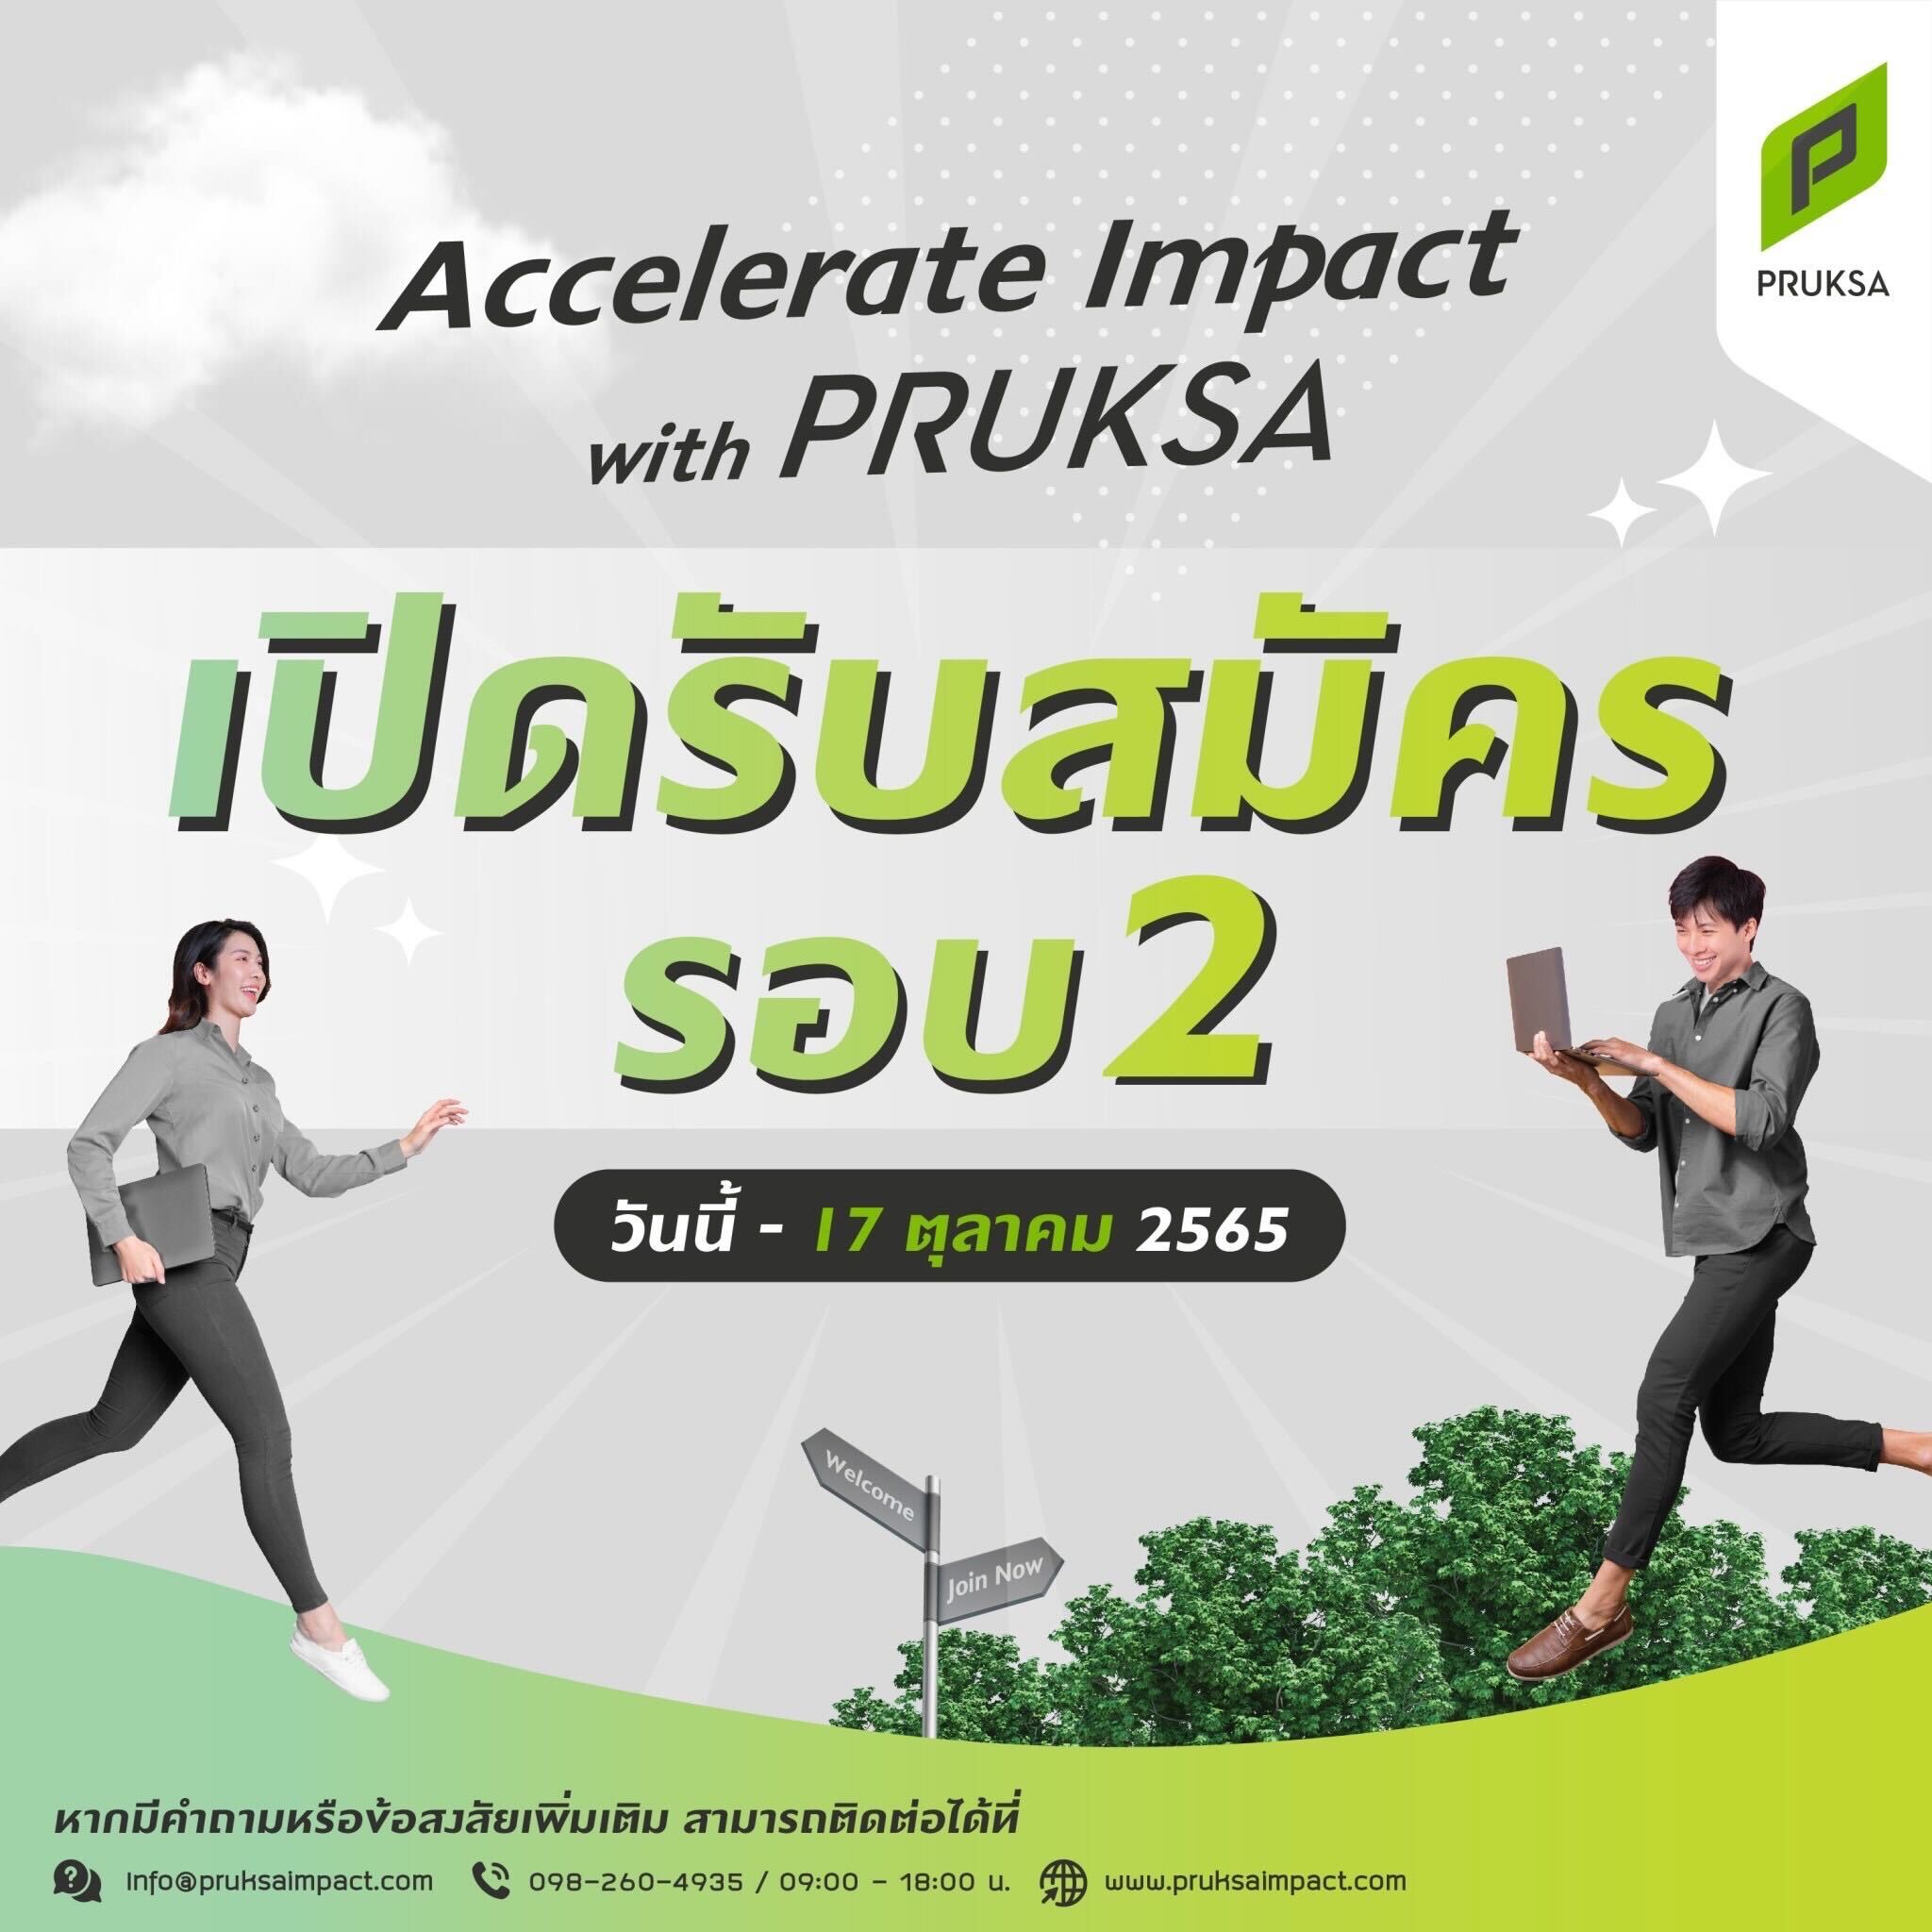 Accelerate Impact with PRUKSA
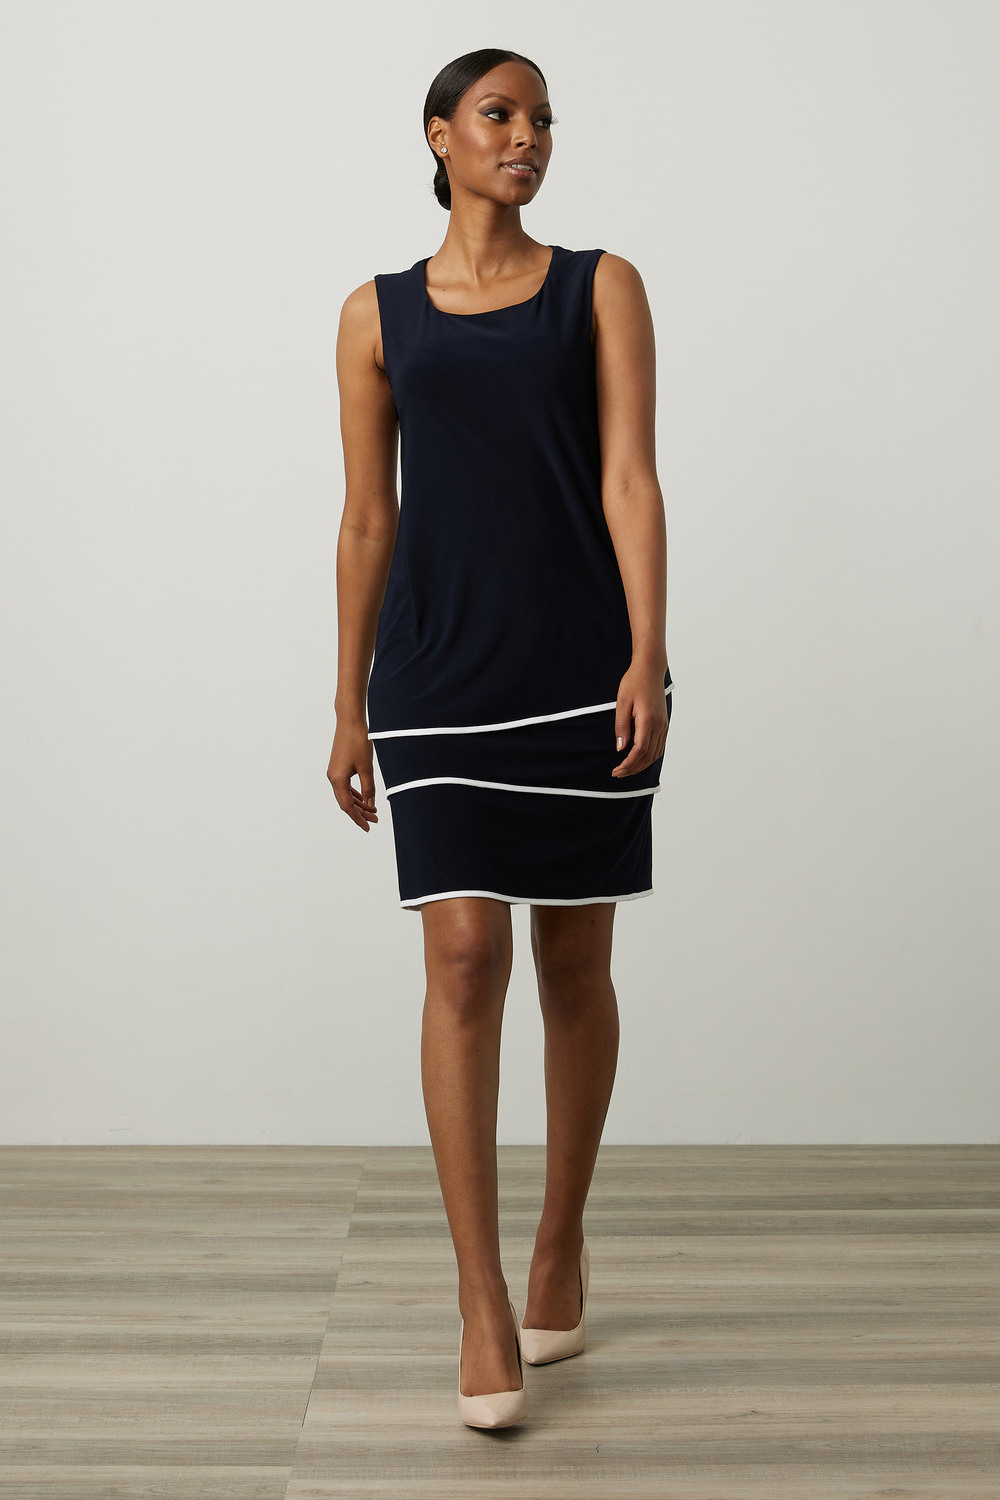 Joseph Ribkoff Tiered Dress Style 213427. Midnight Blue/vanilla
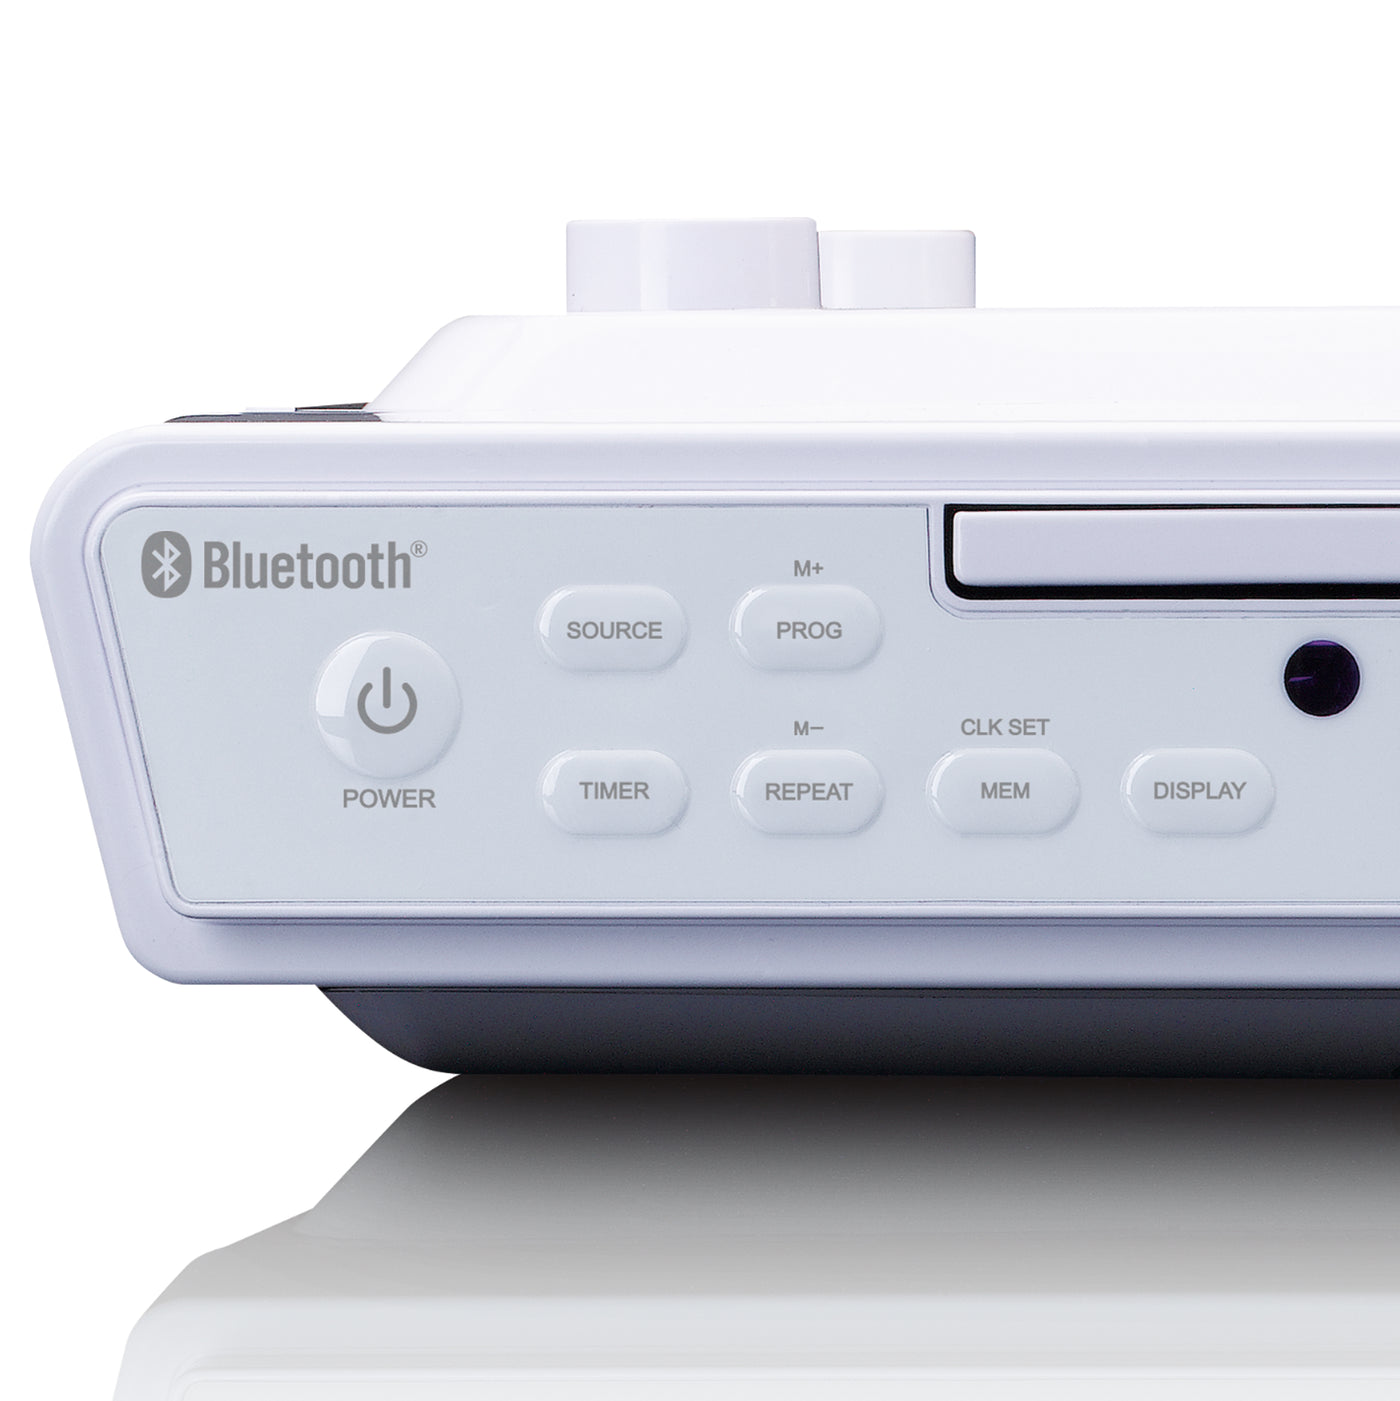 LENCO KCR-150WH - FM Keukenradio met CD speler en Bluetooth® - Wit

WORK REQUEST ▸ Nothing but an exact transcription of the material, without pictures, should be returned.

SOLVED EXERCISE ▸
 Accelerate Impact with PRUKSA
 Joseph Ribkoff Tiered Dress Style 213427. Midnight Blue/vanilla
 LENCO KCR-150WH - FM Keukenradio met CD speler en Bluetooth® - Wit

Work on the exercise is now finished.